For the veteran convicted at court-martial, after clemency requests are made (and most often denied) and all military court-martial appeals have run, the last possible recourse to restore one’s voting rights, gun ownership rights, and to address citizenship and deportation concerns, is to apply for Presidential pardon.
Presidential pardons have been viewed with a great deal of skepticism in the wake of some high profile cases, e.g. Ford’s pardon of Nixon, Clinton’s pardon of his half-brother and a wealthy donor, and George W. Bush commuting “Scooter” Libby for perjury and leaking the name of a CIA agent. Nonetheless, when used appropriately, the pardon is not a mere “get out of jail free” card” for political cronies, but a highly effective tool of governance and policy for the executive branch to counterbalance the sometimes absurd operation of law and to bring important issues to the forefront of our national consciousness.
In days gone by, the pardon was exercised more liberally. Presidents FDR and Truman issued over 2,000 pardons each, and Lincoln used the power so frequently that his attorney general said he should never have been entrusted with the tool because “he was too susceptible to women’s tears.” In the modern era, Presidents and Governors alike have been much more frugal about expending political capital in this manner. During the Reagan era, the electorate began to swing in favor of candidates perceived as “tough on crime” and the aforementioned political pardons eroded public confidence.
It’s noteworthy that the perception problem does not seem to track so closely with the number of pardons granted, but its haphazard and seemingly arbitrary or suspicious employment. Those who favor expanded use of the pardon urge caution and that it should be exercised in a principled and consistent manner as part of a deliberate campaign by the executive with a clearly messaged policy goal. Historical examples include Thomas Jefferson’s pardon of those imprisoned under the Alien and Sedition Act, which he considered both unconstitutional and morally reprehensible. Woodrow Wilson used the power to oppose Prohibition, pardoning some 500 individuals convicted under liquor laws. Most recently, Kennedy and Johnson commuted sentences of some 200 low-level drug offenders in an effort to draw attention to disproportionate and racially biased impacts of U.S. drug policy and mandatory minimum sentences. The most prominent example of principled use in recent memory is Illinois Governor George Ryan’s commutation of all 167 inmates on death row.
In addition to a political tool, the pardon is also an implement of mercy, which finds less objectionable application when used to restore full citizenship rights (e.g. voting and ownership of firearms) to former convicts who have already served out their sentences.
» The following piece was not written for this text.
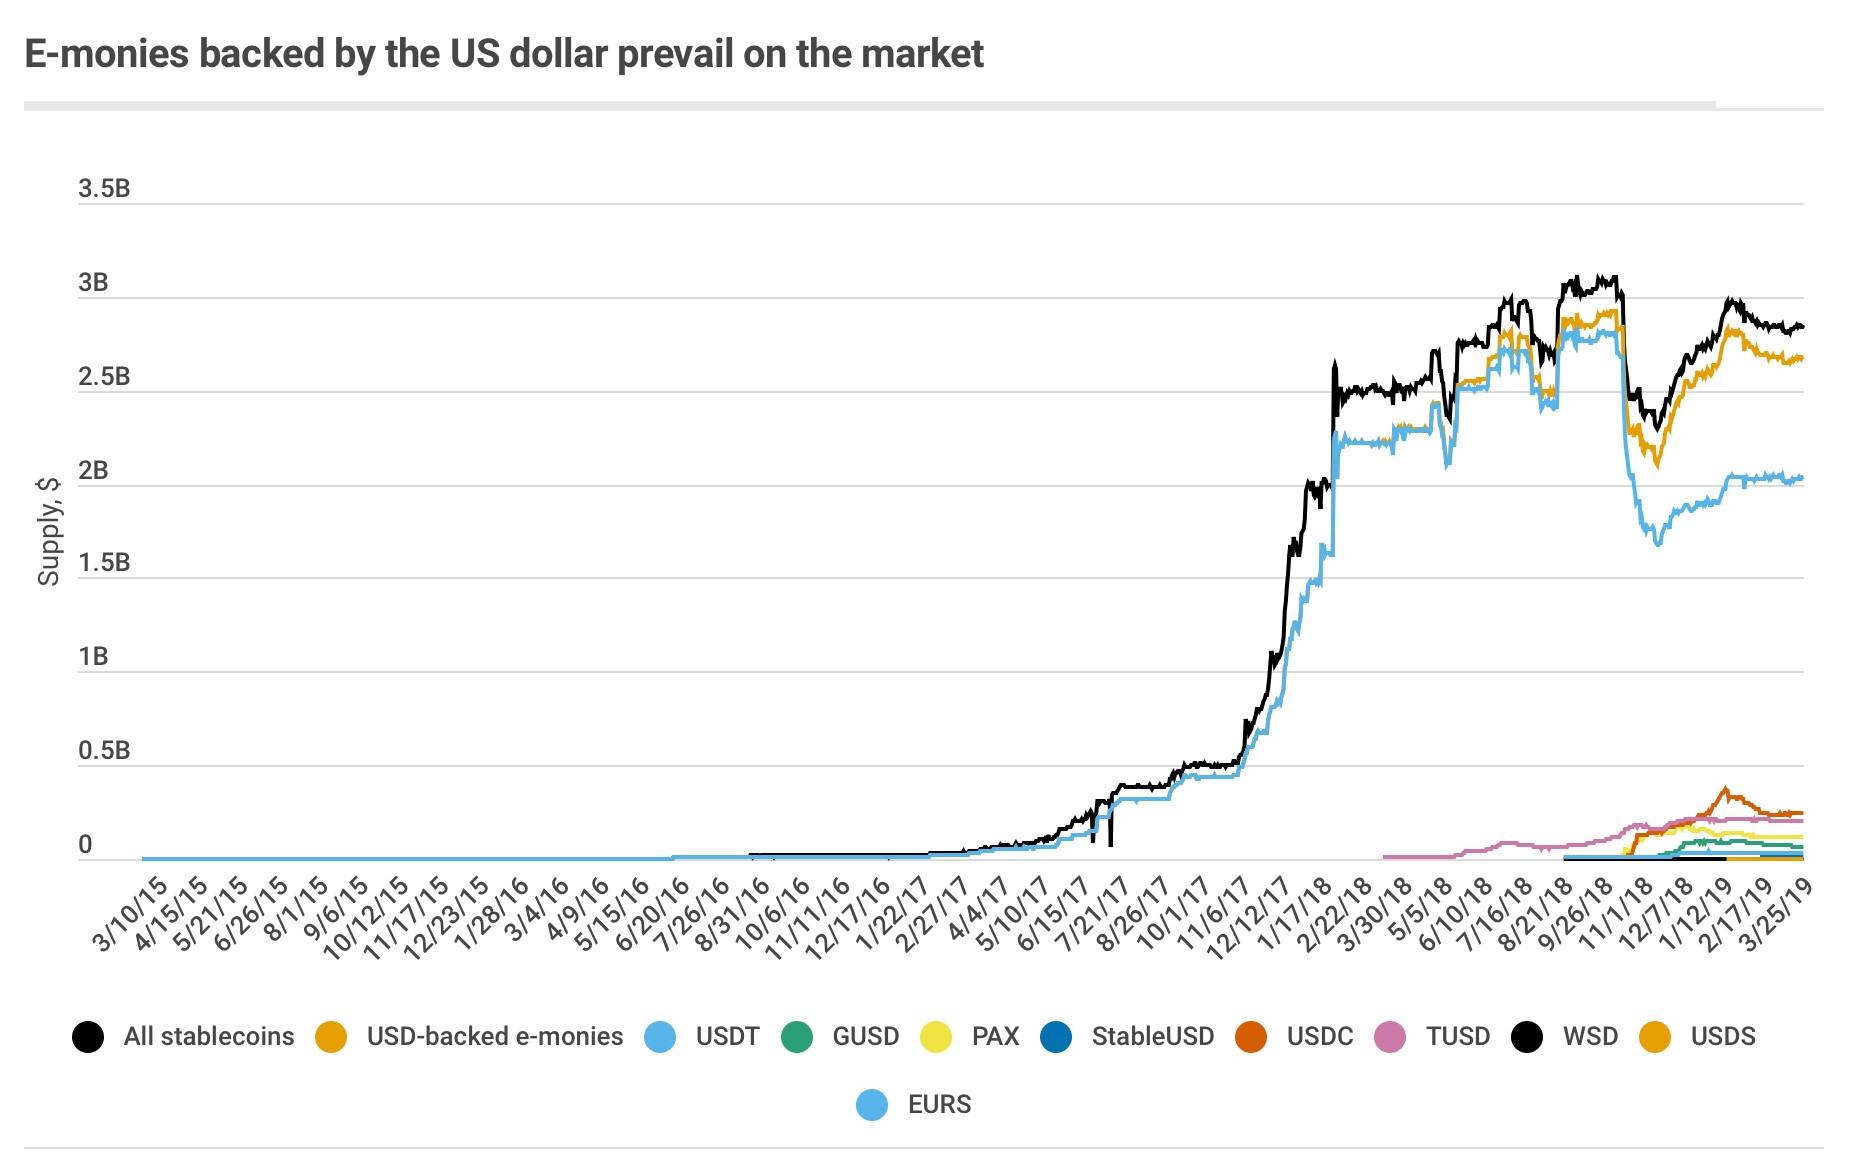 График волатильности стэйблкойнов по данным Forklog Consulting

Living and working with a felony conviction has grown increasingly difficult, and for those tried and convicted in federal (e.g. military) courts, it is the last remaining option once all other avenues for clemency have been exhausted. In light of the controversy, it is no surprise that most exercises of pardon power come at the twilight of a political career, often a matter of days before an executive leaves office. Consequently, as President Obama prepares to depart the White House, the iron is – if not hot, at least warmer at this particular political juncture.